A sparse genetic code underlies the neuroanatomical organization of the brainstem
David W. Matthews (University of California, San Diego), Harvey J. Karten (University of California, San Diego), David Kleinfeld (University of California, San Diego)
While most studies of spatially registered genomic data use global expression to infer anatomical differences, we examine the inverse problem: what are the fewest genes necessary to correctly identify regions defined by cytoarchitecture and innervation? We generated a micron-resolution atlas of inputs using a sensitive neuronal tracer injected into each branch of the adult mouse trigeminal nerve. Brains were sectioned, stained, imaged, registered, and reconstructed to produce a volumetric, vectorized map of innervation and morphology. We coregistered these data with the Allen Gene Expression Atlas, a dataset of 20,012 usable in situ hybridization probes with expression intensities at 200um3 spacing throughout the brain (~10^6 voxels).
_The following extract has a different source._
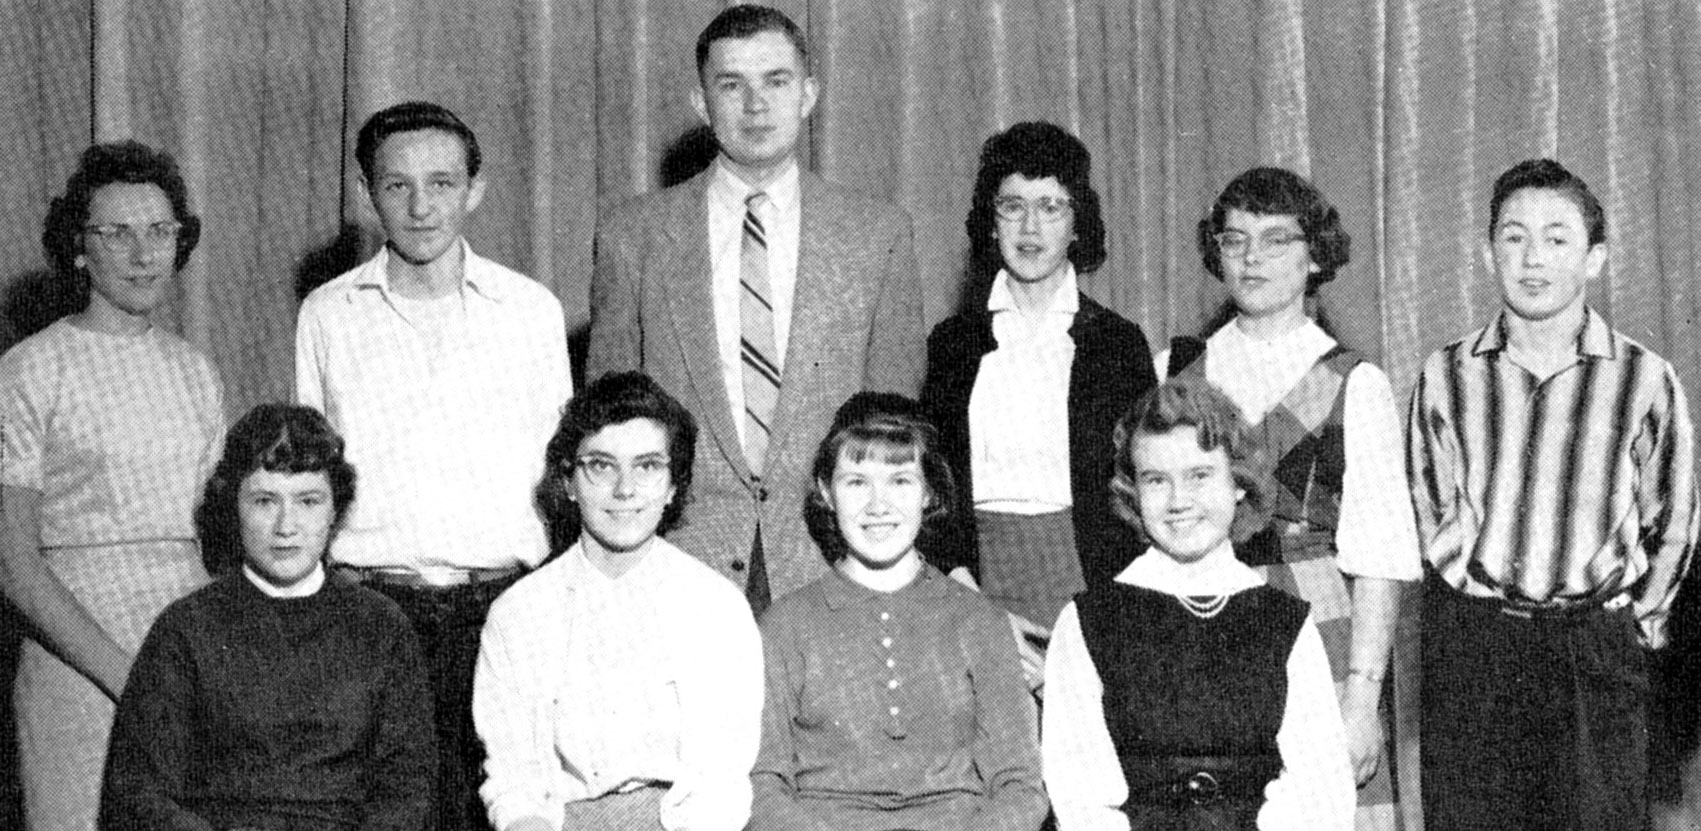 (Click to magnify) FRONT ROW: P. Hall, L. Maye, D. Drummond, L. Hogan; ***BACK ROW: E. Noble, B. Babick, Mr. Prentice, M. Kennedy, G. Orr, Jim Wagg; ***ABSENT V. Geissberger.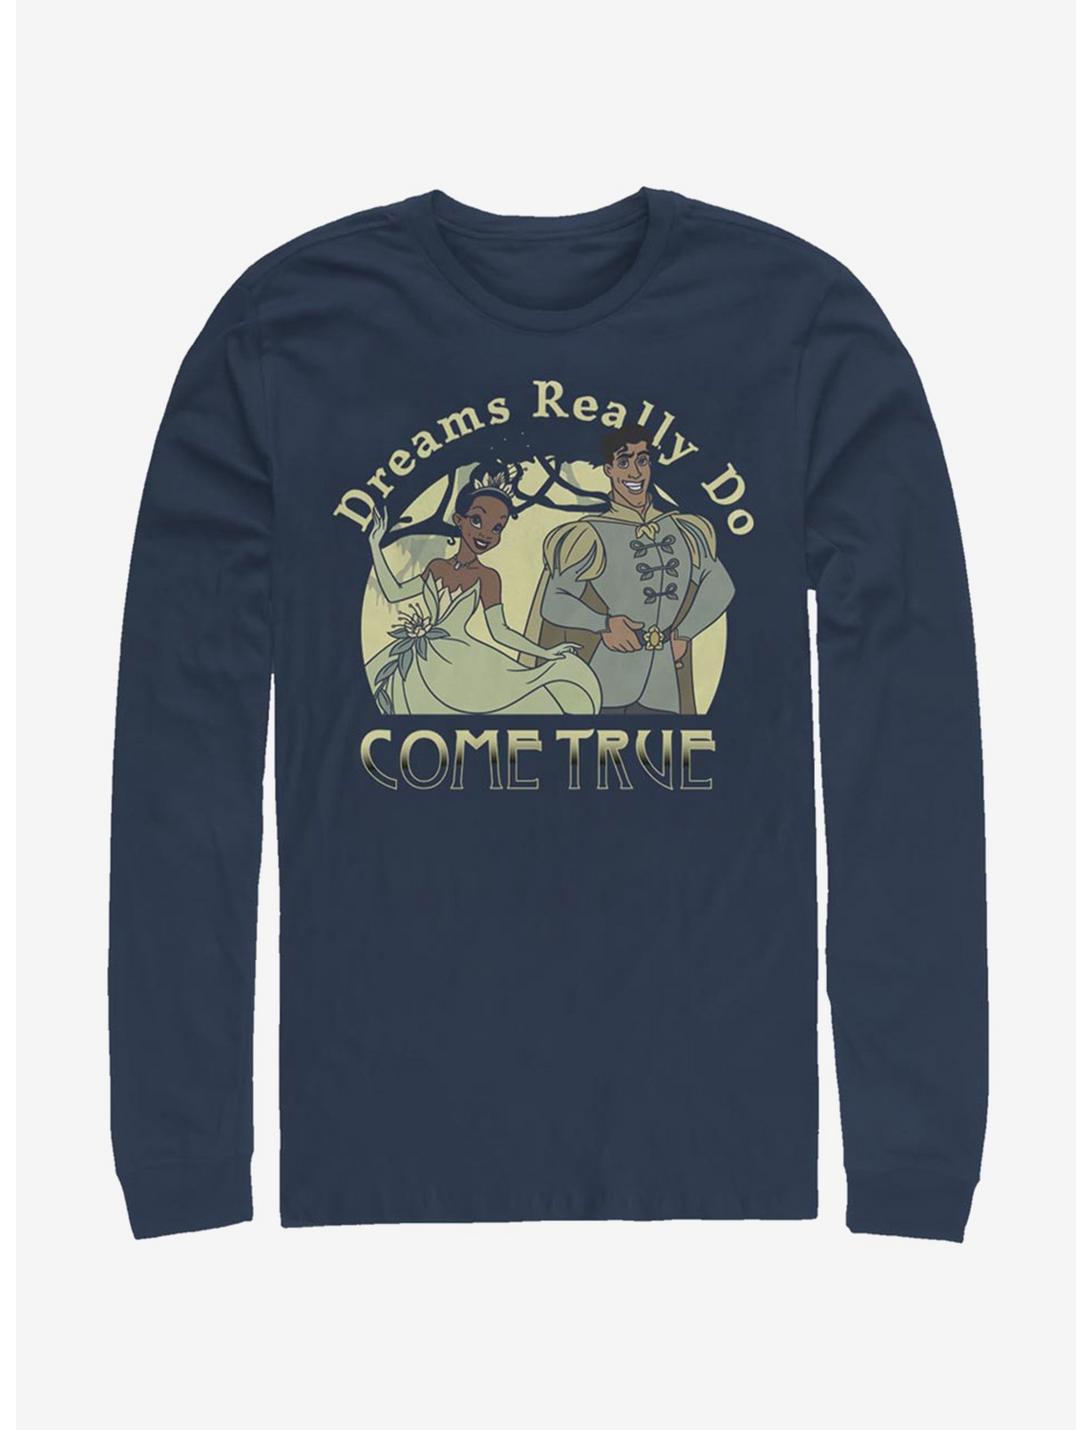 Disney The Princess And The Frog Dreams Do Come True Long-Sleeve T-Shirt, NAVY, hi-res

We next generated brain region classes according to their distinct anatomical attributes, and treated each gene expression set as a feature vector. Using supervised learning algorithms based on decision trees and L1-norm regularization, we find sets of gene pairs and triplets that uniquely specify classically described trigeminal nuclei. This uniqueness demonstrates that an extremely sparse representation from the large set of genes is sufficient to outline the anatomical substructure of the brainstem.
The combination of classical tract tracing and modern imaging with novel informatics and statistical learning techniques thus 1) exploits and builds on existing registration infrastructure, 2) extends the quantitative tools available for assessing spatially-registered genomic data, and 3) is essentially generalizable to any neural system. More fundamentally, it provides a framework for identifying putative novel genes for developmental studies, and a strategy for targeting individual brain regions for manipulation with optogenetics and for imaging with genetically encoded sensors.